Among the 2D-CNN models in our study, the 2D-ResNet-101, a deep network with 101 layers utilizing residual connections, demonstrated superior predictive performance and improved generalization48. While deeper networks can learn more complex representations, increasing depth does not always lead to better model performance due to challenges in gradient descent49,50,51. This was further supported by our finding that, in most CNN models, greater depth reduced performance on the external-testing set (Table 3). In our study, ResNet outperformed DenseNet, possibly owing to its simpler residual structure and lower memory complexity, which may confer greater robustness under relatively small-sample conditions52,53. Previous studies have shown the effectiveness of deep residual networks in ICH disease classification21,54. Grad-CAM visualizations demonstrated that the 2D-ResNet-101 model primarily focused on the hematoma and its periphery for decision-making, consistent with observations reported by Zhao et al. and Trans et al.21,55. Notably, rHE tends to demonstrate more irregular morphology and internal density heterogeneity compared to non-rHE (Fig. 5A). This peripheral-focused attention pattern may correspond to NCCT markers of active multifocal bleeding, such as irregular shape56 (Fig. 5A, Case2).
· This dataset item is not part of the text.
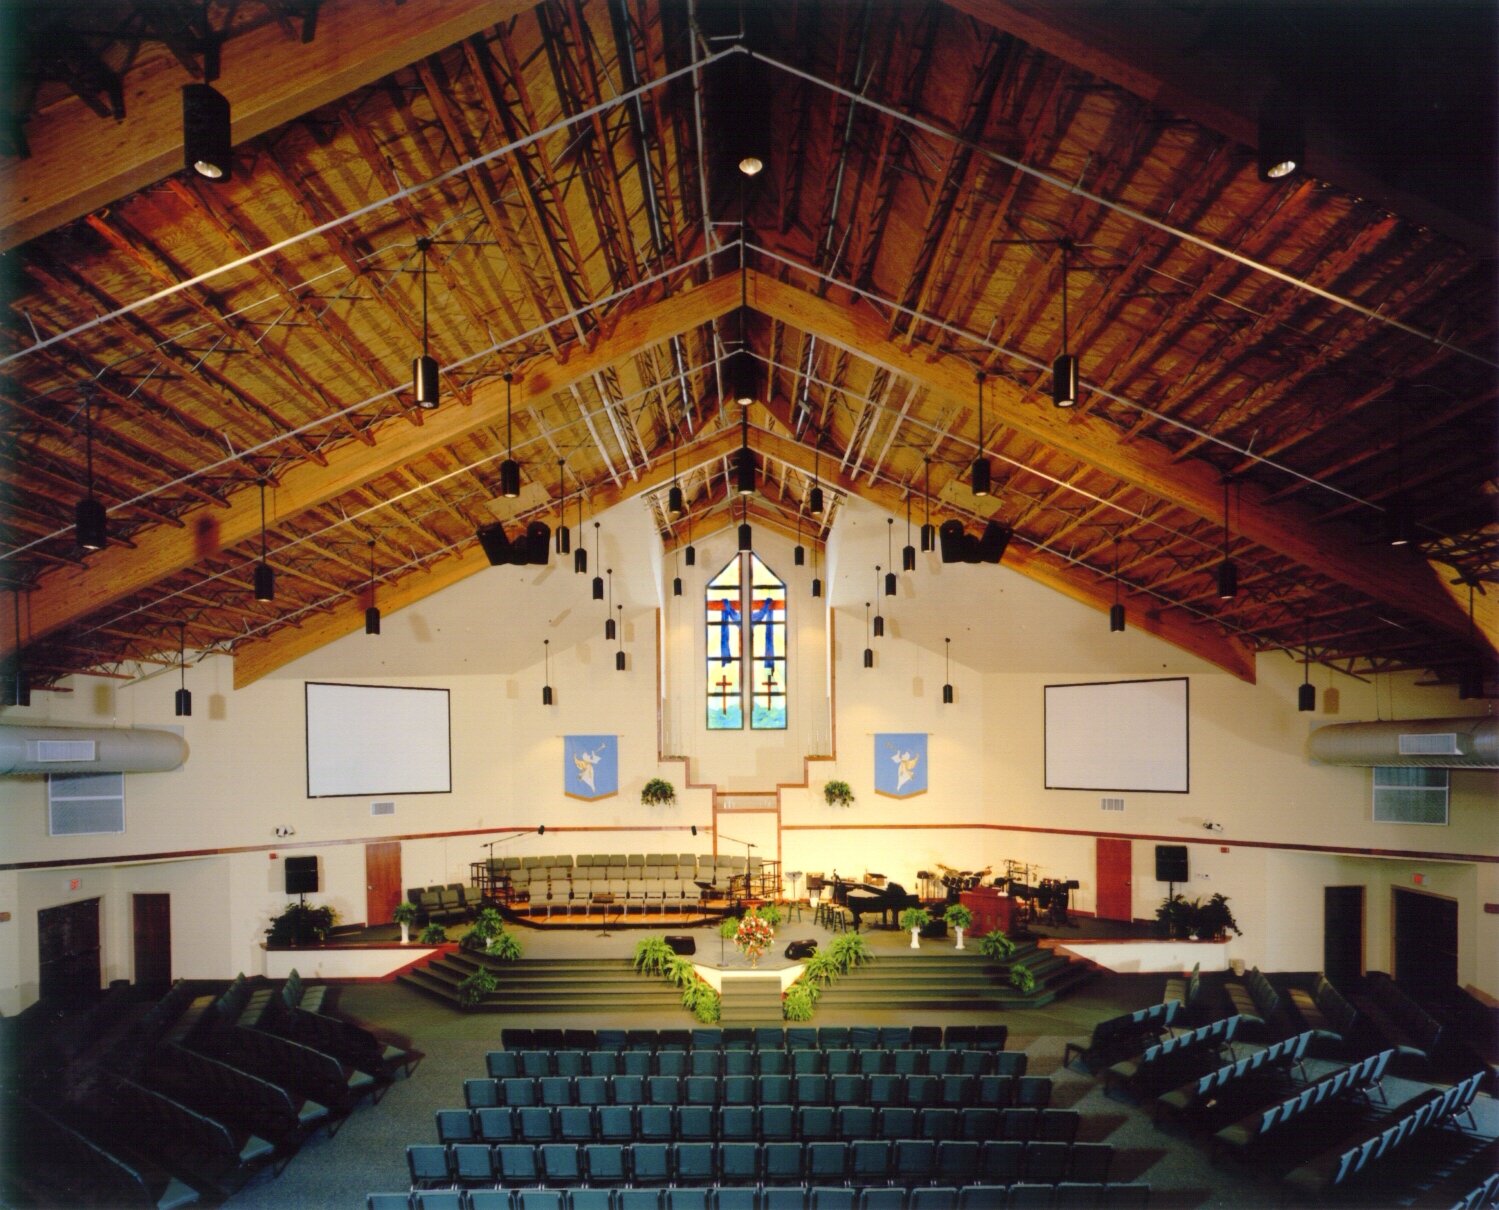 Brainerd Crossroads (BX) — Brainerd Baptist Church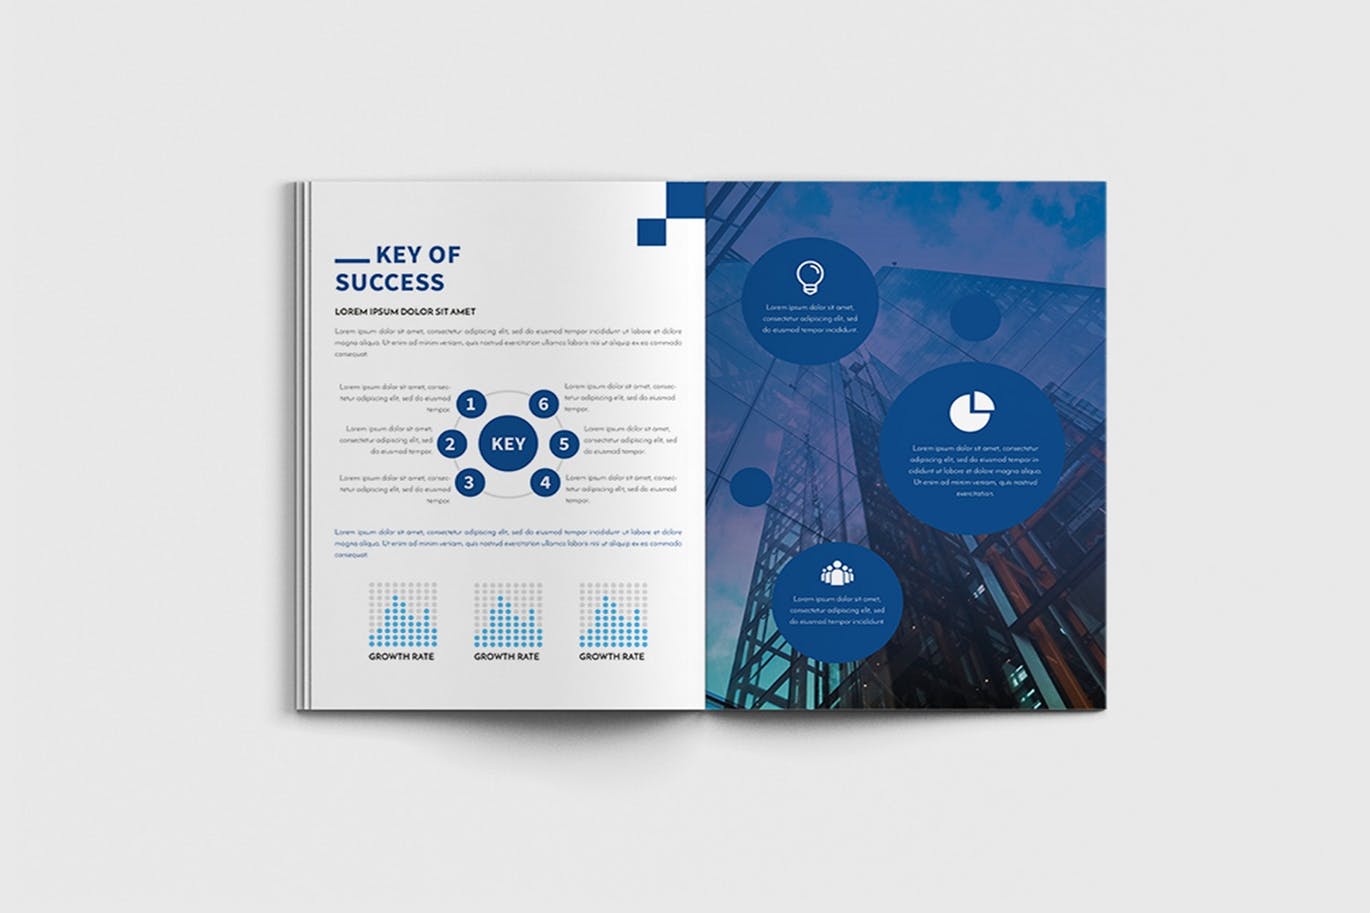 商业计划书/企业简介宣传画册设计模板 Walkers – A4 Business Brochure Template插图(8)

These findings may support for Fisher’s ‘avalanche model’ of HE, which proposes that initial bleeding disrupts adjacent vessels, leading to surrounding secondary hemorrhage57. Furthermore, the 2D-ResNet-101 model achieved significantly higher sensitivity than the baseline models, without significant decrease in specificity, indicating that a higher proportion of ICH patients at high risk for rHE can be identified early, thereby helping to ensure that these patients receive timely, early-stage anti-expansion treatments or surgical intervention, as needed.
This study has several limitations. First, due to its retrospective design, some important clinical parameters such as Glasgow Coma Scale scores were unavailable. Therefore, a prospective study is necessary to validate the deep learning model’s performance and further explore the relationship between rHE and clinical variables. Second, the relatively small sample size limits the generalizability of the findings. A multi-center trial with larger datasets is essential to assess the model’s applicability in real-world clinical settings. Third, while the current standard for rHE relies on semiautomatic delineation software with manual adjustment, detecting small volume changes, particularly in IVH expansion (≥ 1 mL), can be challenging due to technological limitations. Implementing fully automated, high-precision IVH delineation may enhance accuracy and reduce human error. Finally, the developed deep learning models primarily focused on image-based predictions without incorporating clinical-radiologic variables. However, medical decisions are multifactorial and not solely based on imaging findings. Future research should aim to integrate these variables to further improve model performance.